Jamal Murray progressing from torn ACL but Nuggets' Canadian star 'can't rush time'
CBC
Jamal Murray is conflicted.
The Nuggets' star guard can't wait to get back to playing basketball like he did before that awful night in San Francisco last April when his left knee buckled as he drove past Andrew Wiggins, ending his season and ultimately quashing Denver's championship aspirations.
Yet, the native of Kitchener, Ont., insists he's in no hurry to rush back into action from his torn ACL lest he risk a setback and extend his hiatus from competition that weighs so heavily on him.
He's given fans some tantalizing tidbits of what the future may hold during his slow rehabilitation from his torn ACL.
He drained 3-pointers during warmups before playoff games, then cheered, coached and cajoled teammates from the bench and sometimes even bolted past coach Michael Malone to give officials an earful.
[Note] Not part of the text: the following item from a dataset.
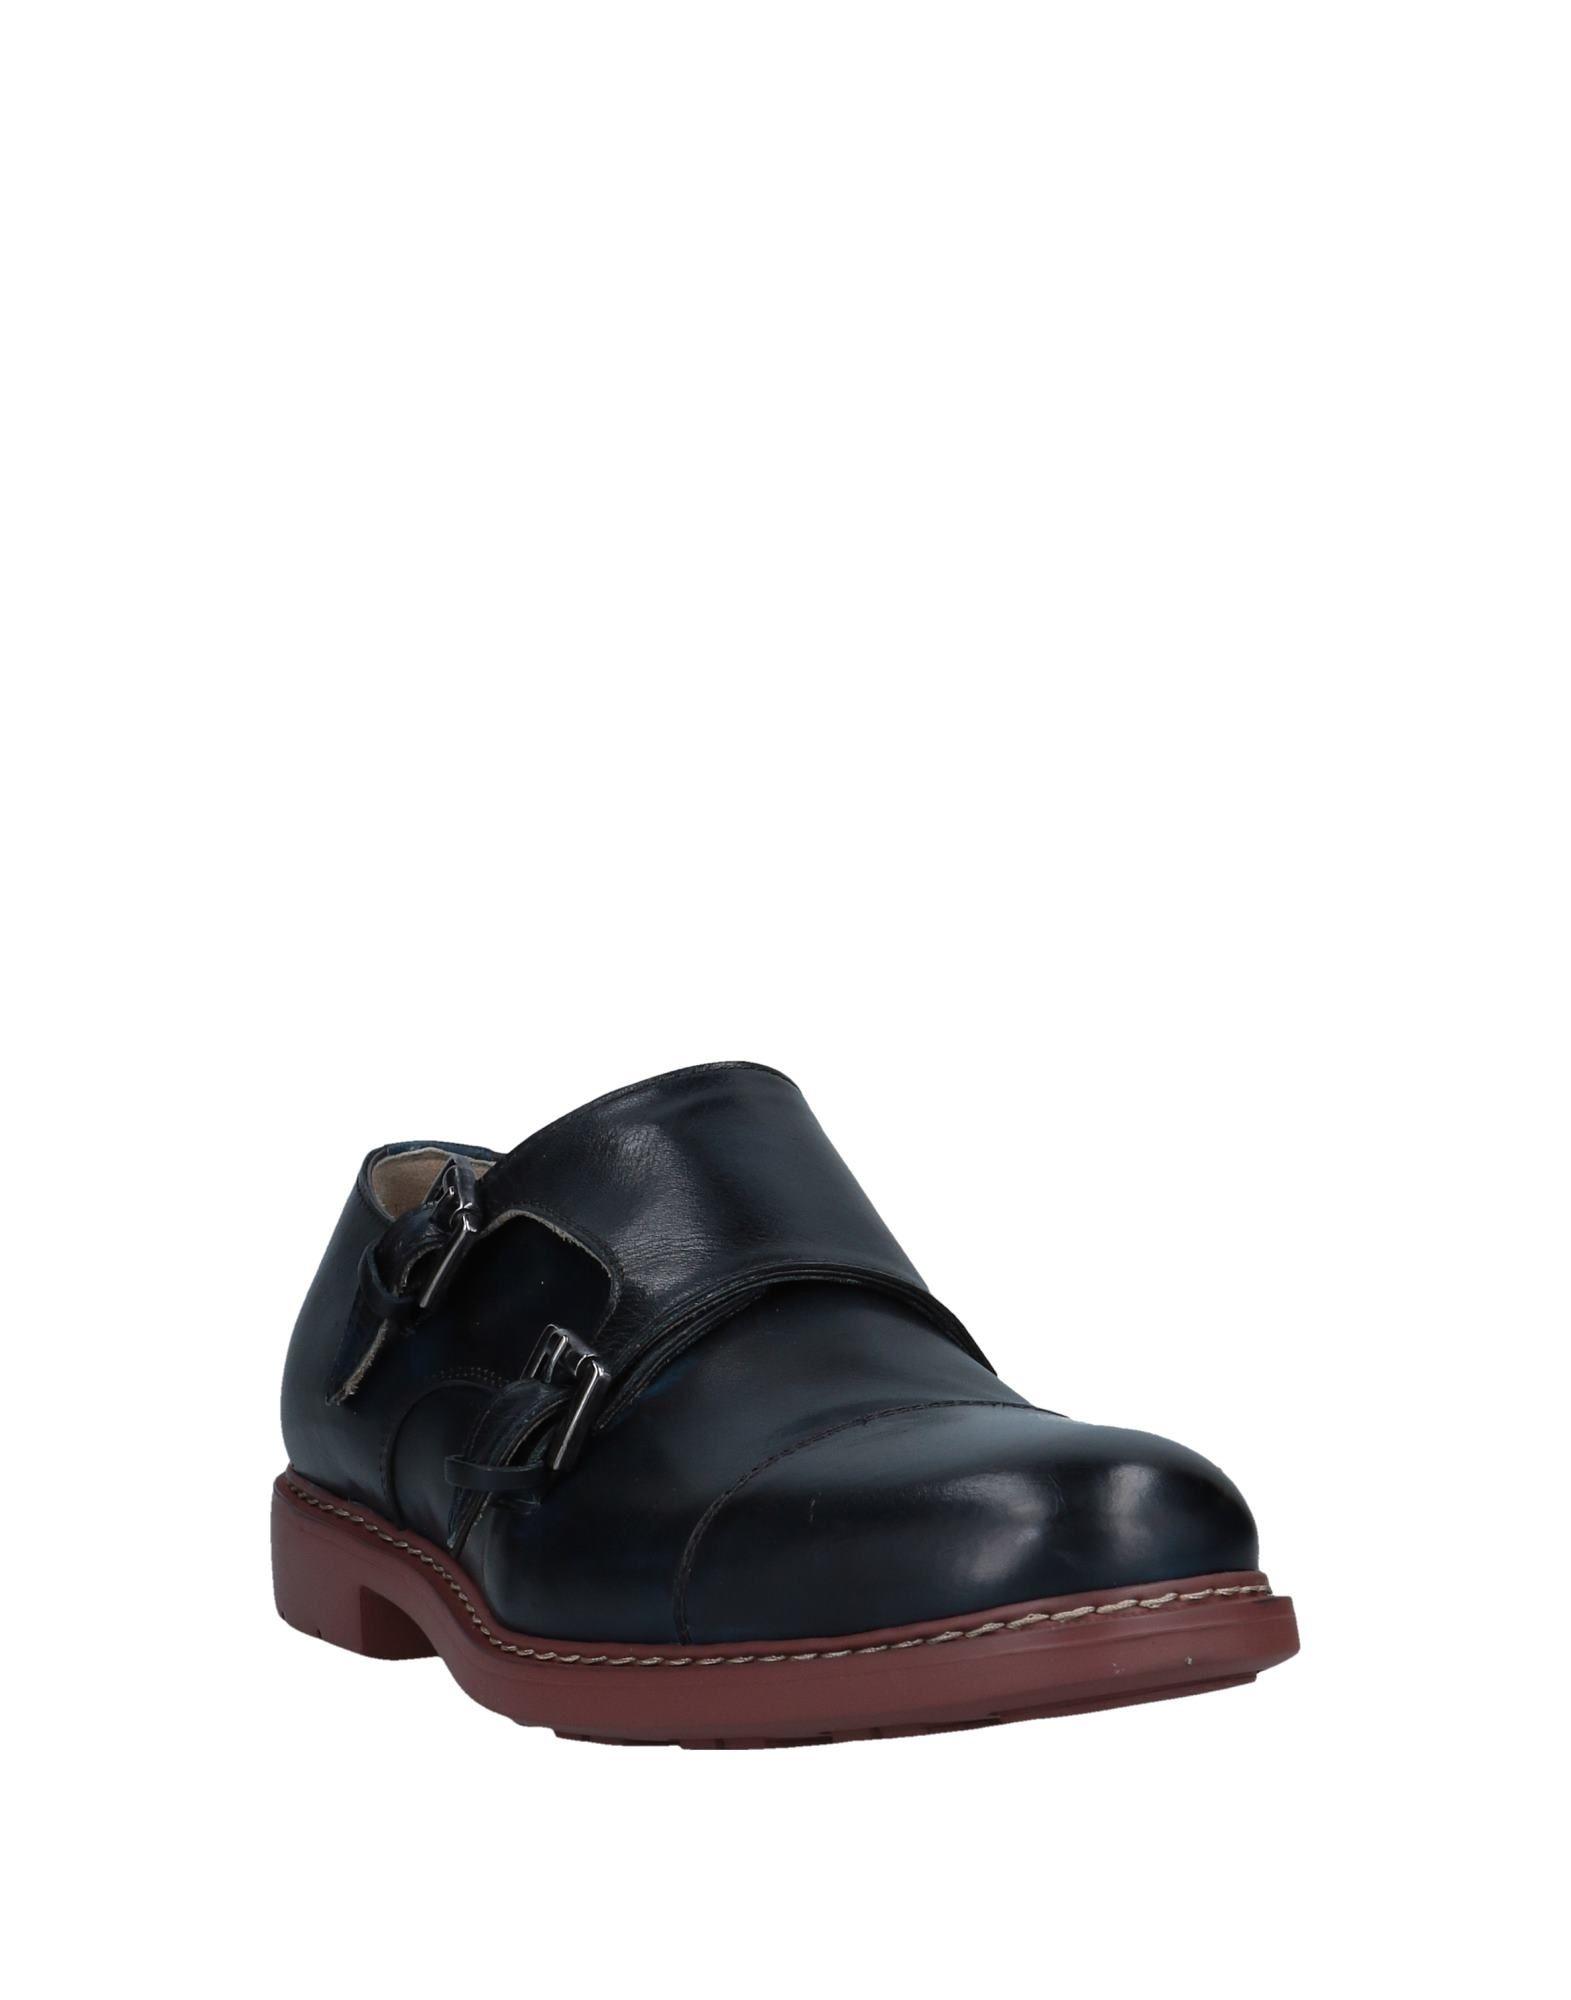 Baldinini 11554708OS Mokassins Herren  11554708OS Baldinini Gute Qualität beliebte Schuhe 69f923
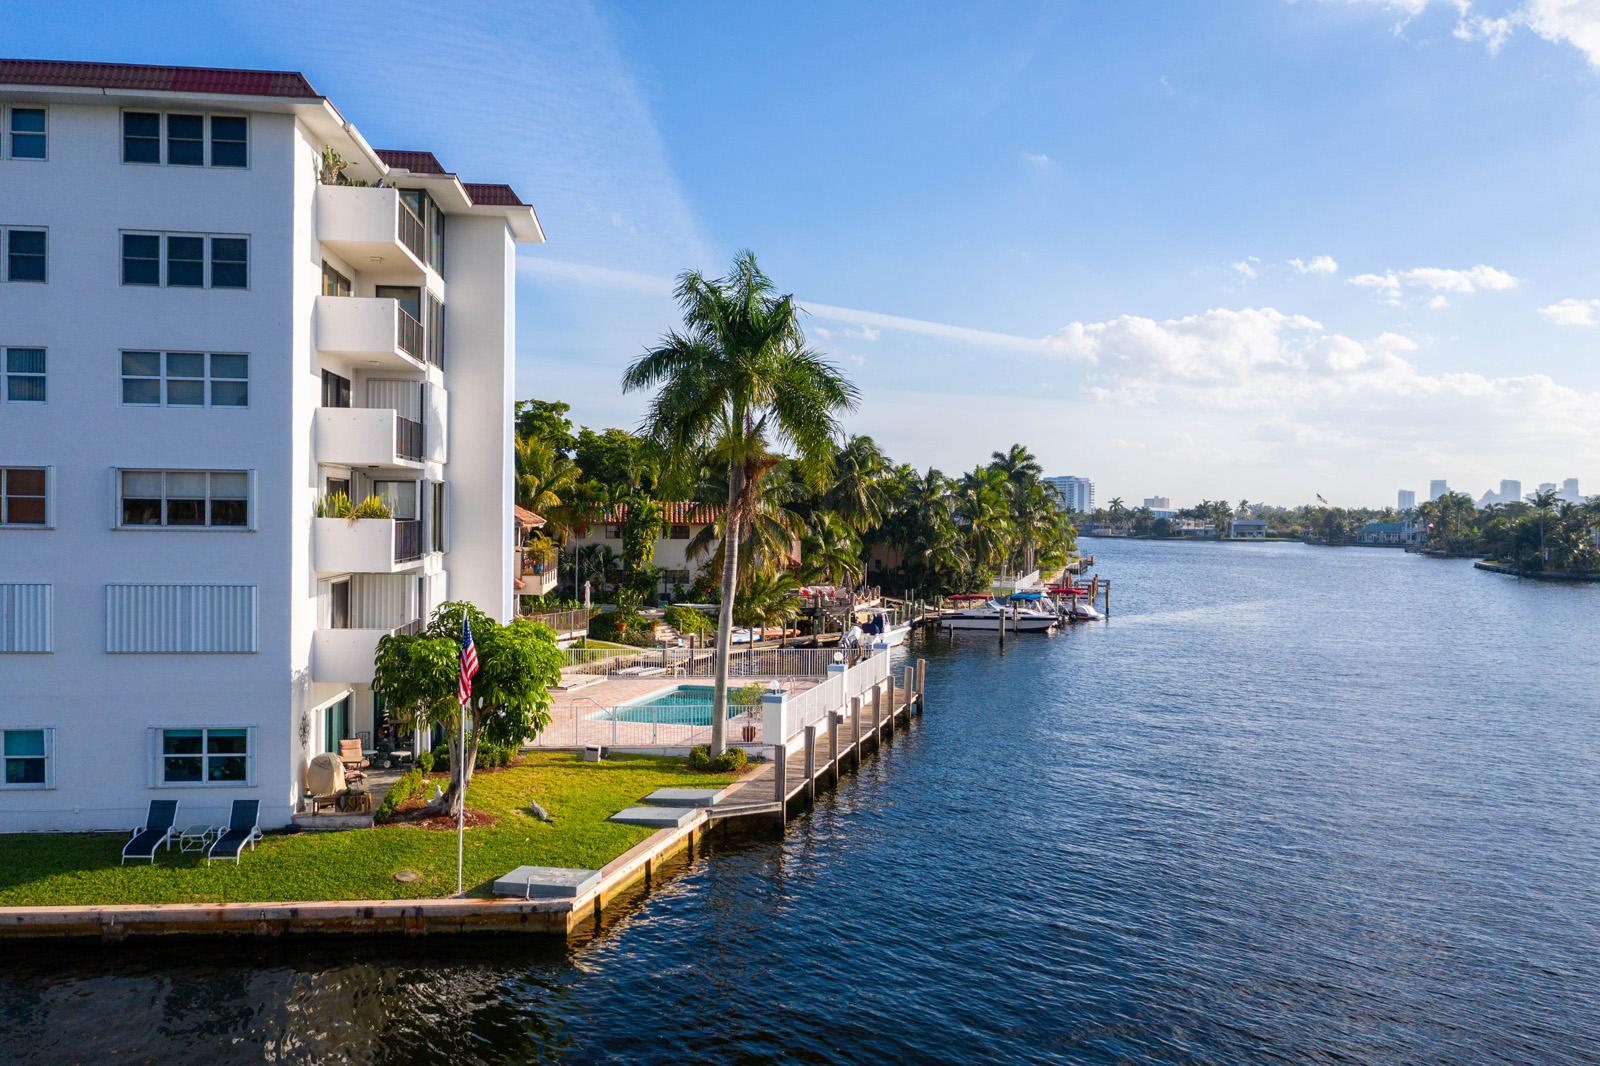 Rivers Bend, 1839 Middle River Unit 404, Fort Lauderdale, Florida 33305

The Nuggets recently tweeted a video of Murray draining a corner 3, then slow-motion prancing down the baseline with a big smile and stepping deliberately so as not to stress his sleeved left knee.
"Just five months ago, I couldn't lift my leg off the bed," said Murray. "So, I've come a long way. But even when I do certain things, I've got to remind myself that I can't do it to the speed or the level that I want to do it.
"That's the biggest thing for me coming back, is having confidence in it. You'll see a lot of videos of me playing 1-on-1, me scoring at a high clip, but that doesn't mean it feels the way I want it to feel," Murray said. "That's just going to come with time. And I can't rush time."
And the Nuggets won't rush Murray.
"He'll come back when he's ready," said Tim Connelly, the team's president of basketball operations. "Not when we tell him, not a date on the calendar."
WATCH | Murray suffers knee injury:
So, the Nuggets enter the season with the same mindset they adopted the day after Murray got hurt they'll all share the load until their sparkplug returns.
It worked last year as they went 13-5 after Murray's injury, then beat Portland in the playoffs before losing to Phoenix.
"And now as we start this new season. I think that has to be the same mindset," Malone said. "It is by committee."